-- ACTIVITY --
A faithful, word-for-word copy of the data below is required, without pictures.

-- DATASET SECTION --

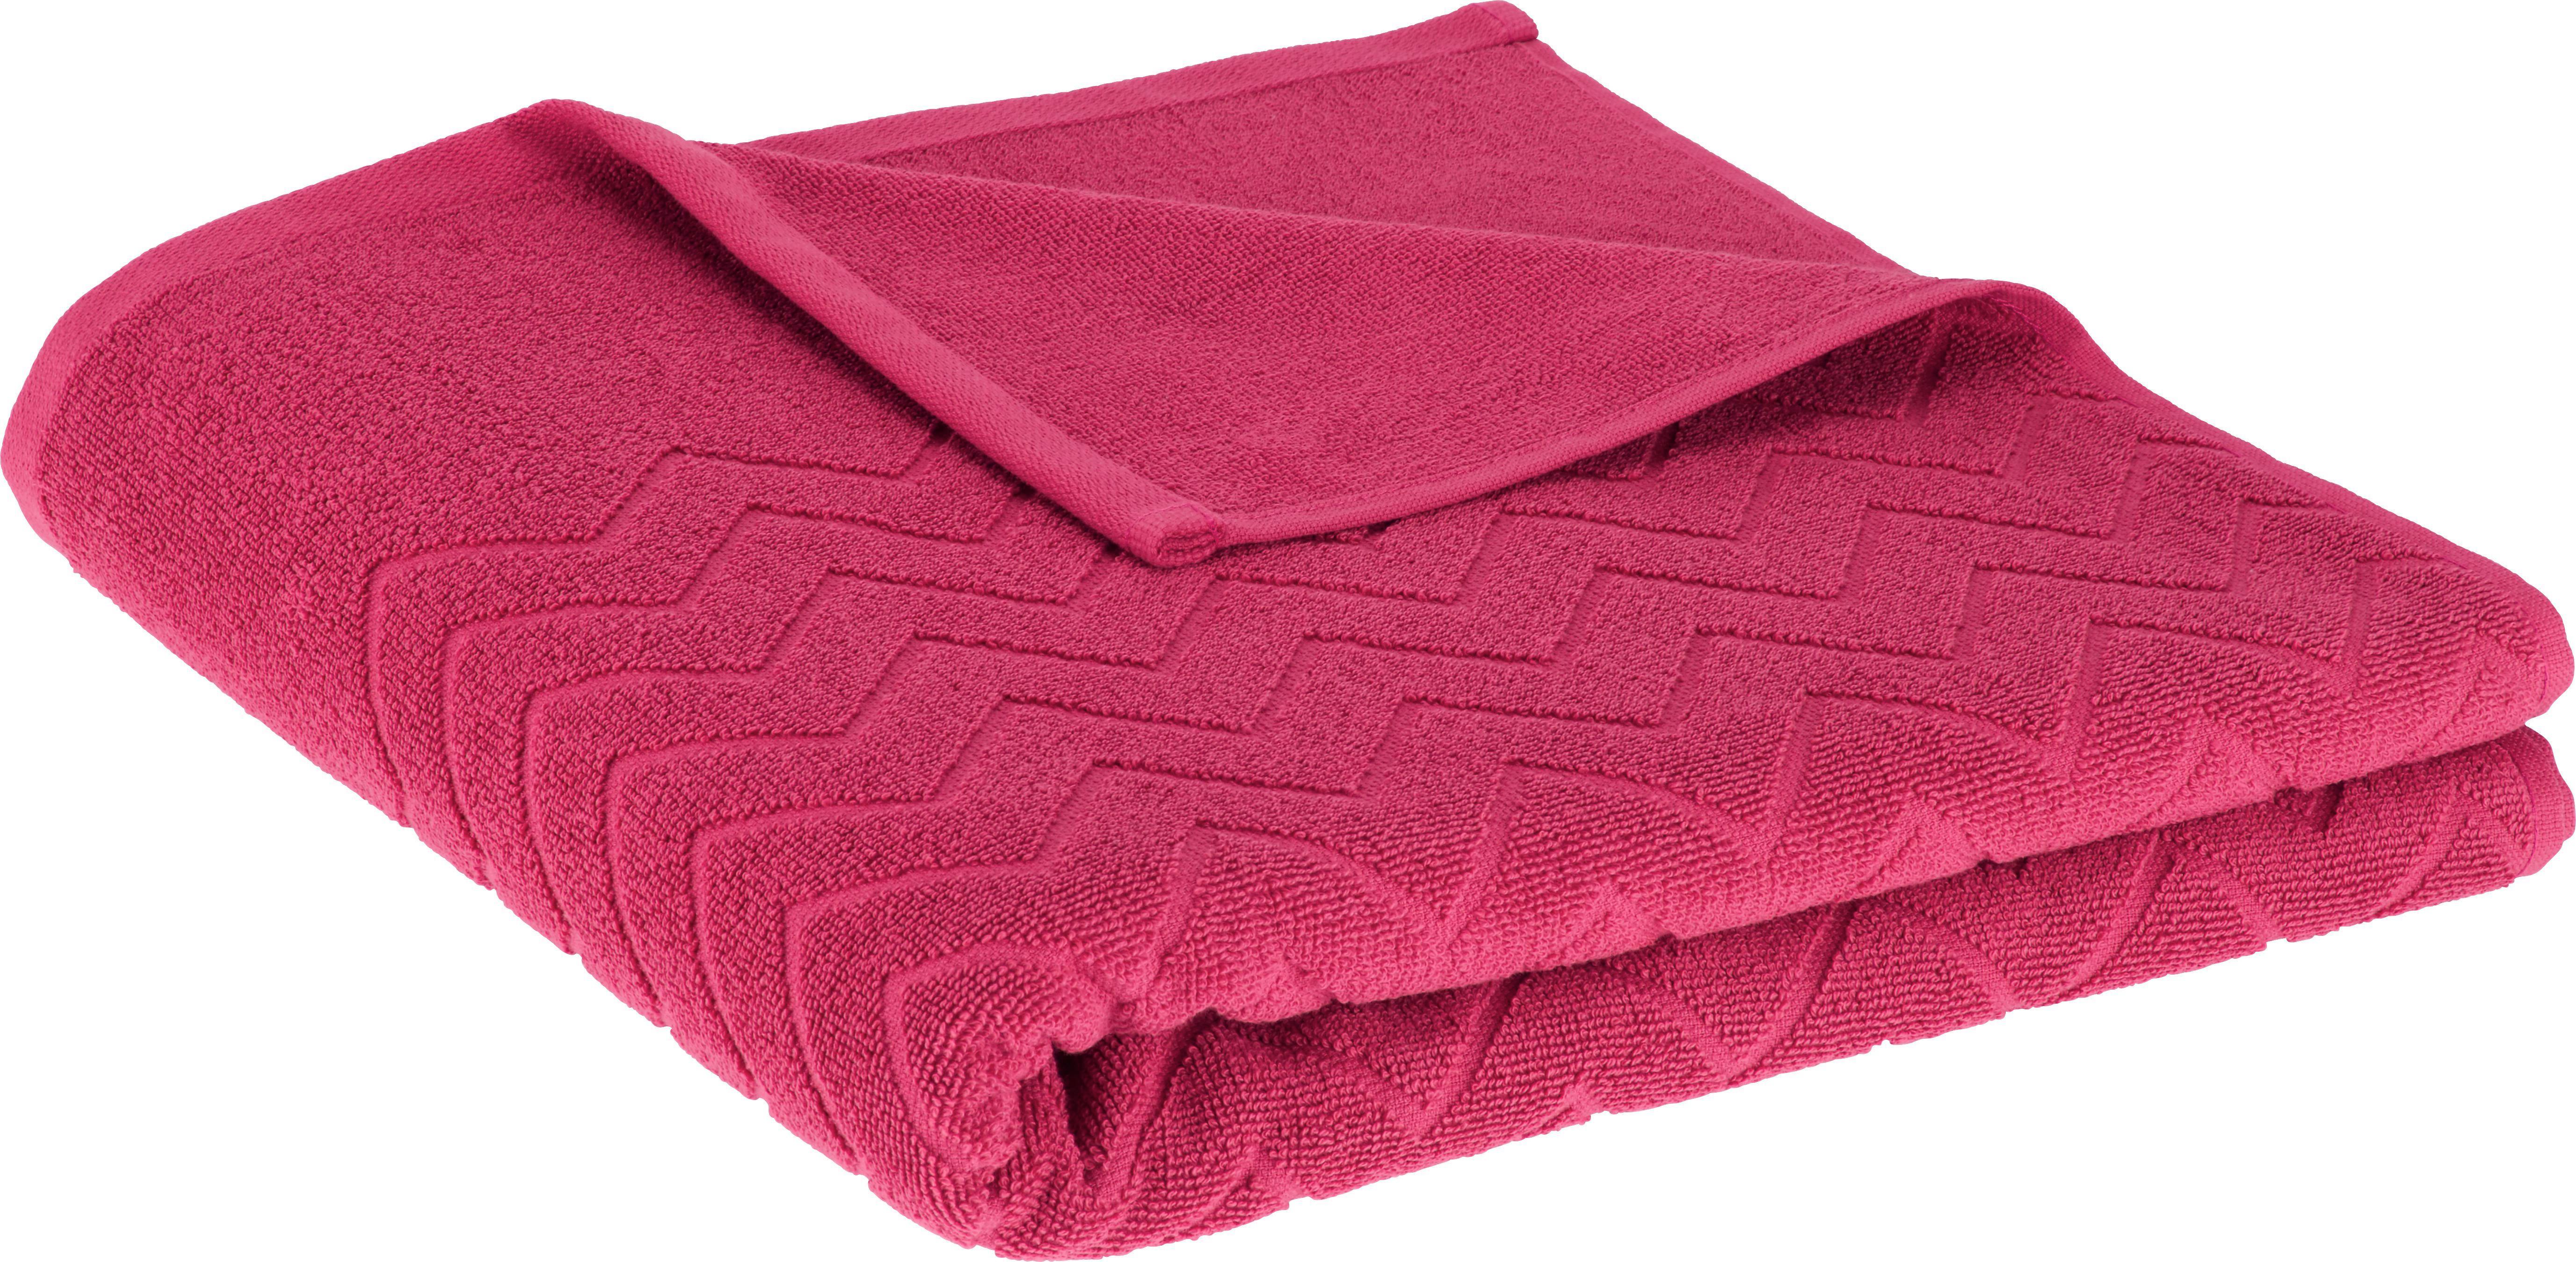 Duschtuch Peter in Pink - Pink, Textil (70/140cm) - MÖMAX modern living
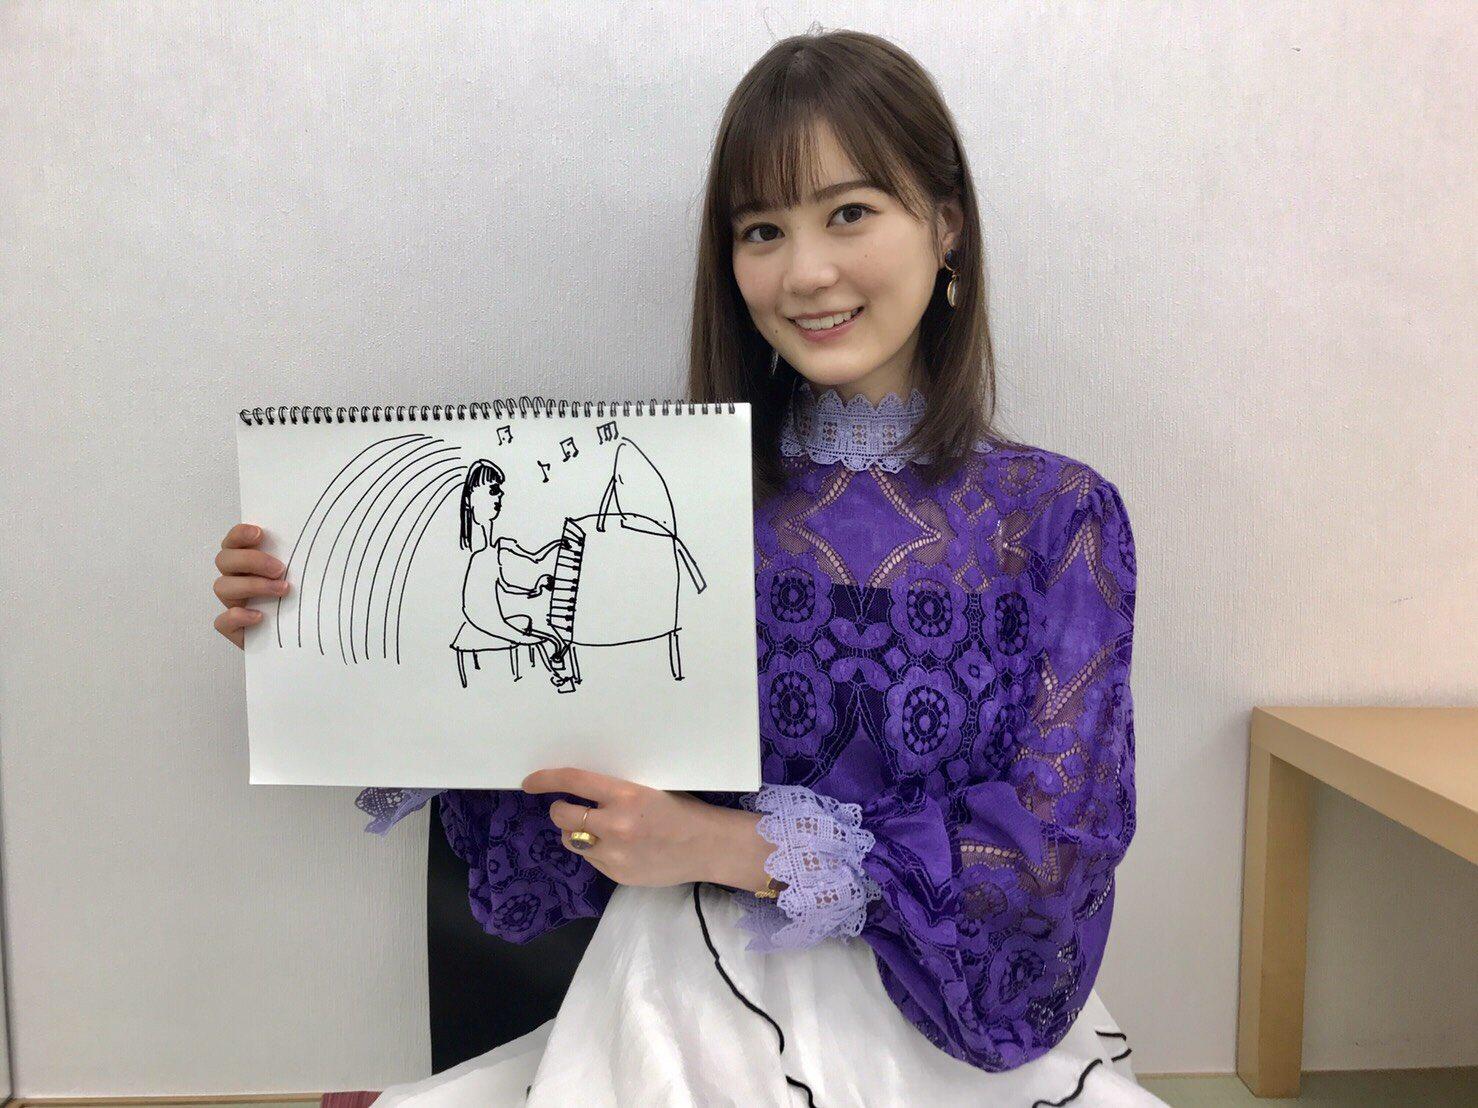 生田絵梨花 虹のプレリュード
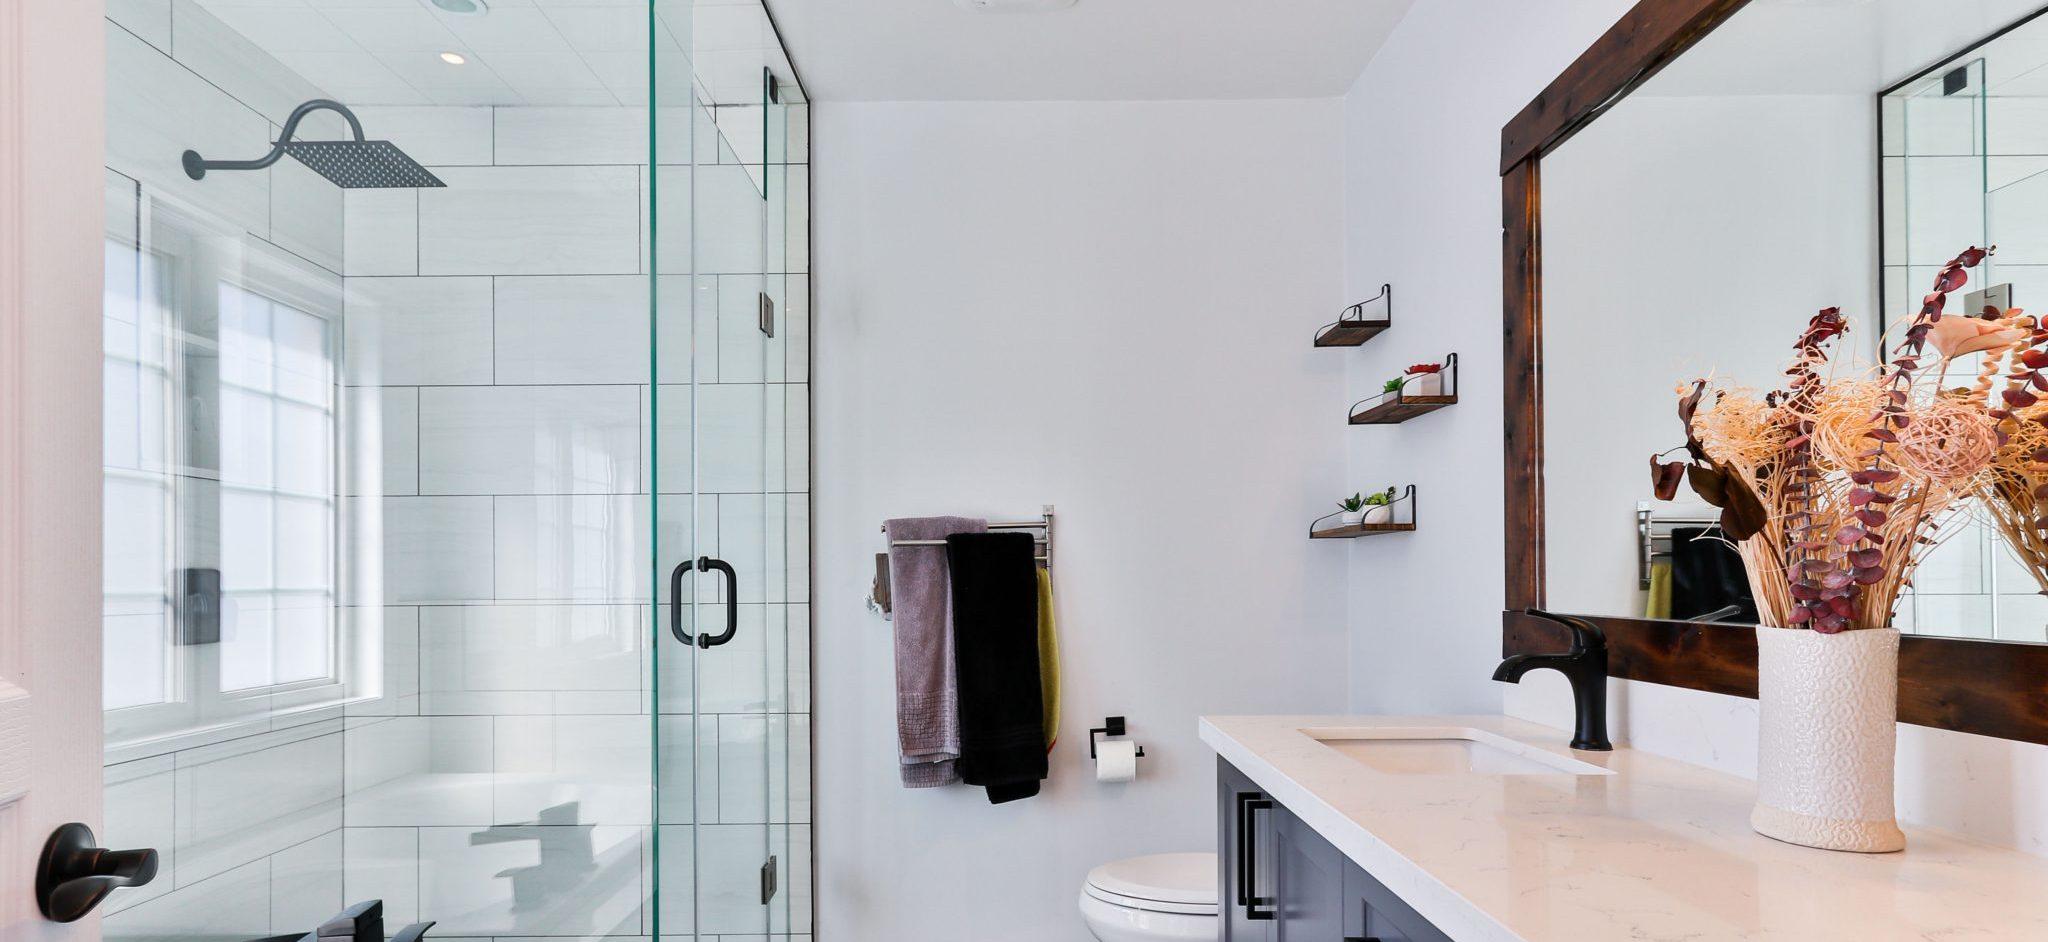 bathroom_shower-door
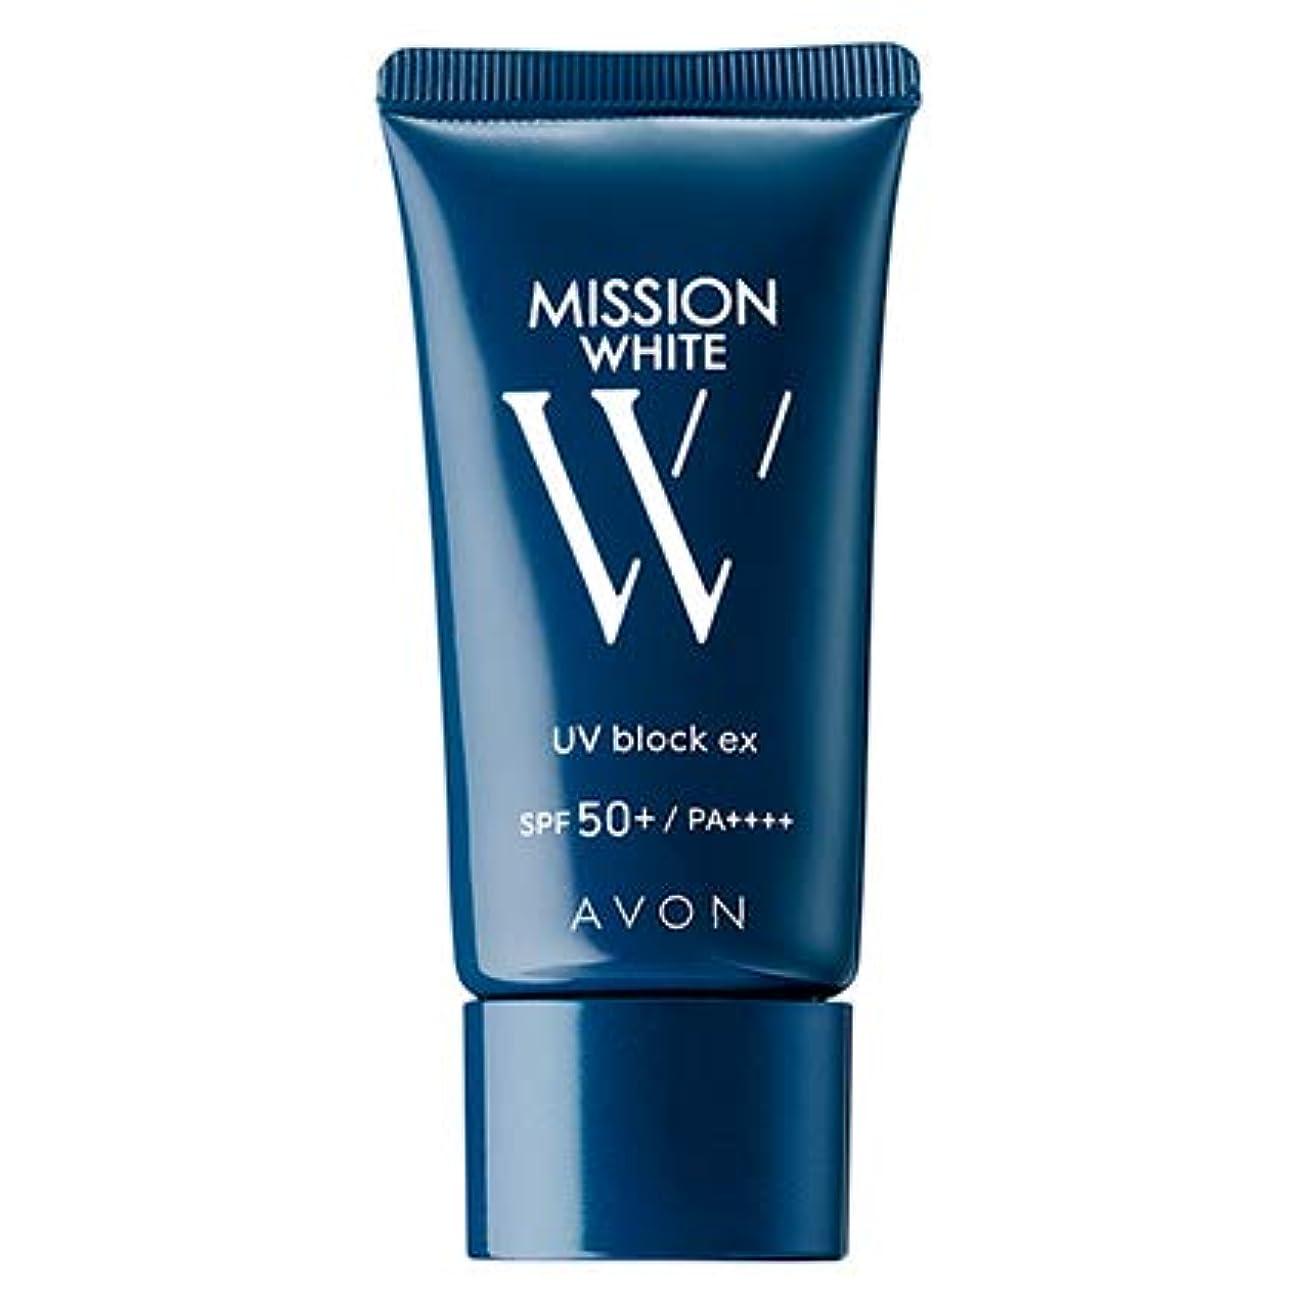 うがい薬掘るエイボン ミッション ホワイト UVブロック EX(SPF50+/PA++++)(医薬部外品) 30g

-- FINAL ANSWER --
 Duschtuch Peter in Pink - Pink, Textil (70/140cm) - MÖMAX modern living
 生田絵梨花 虹のプレリュード
 bathroom_shower-door
 うがい薬掘るエイボン ミッション ホワイト UVブロック EX(SPF50+/PA++++)(医薬部外品) 30g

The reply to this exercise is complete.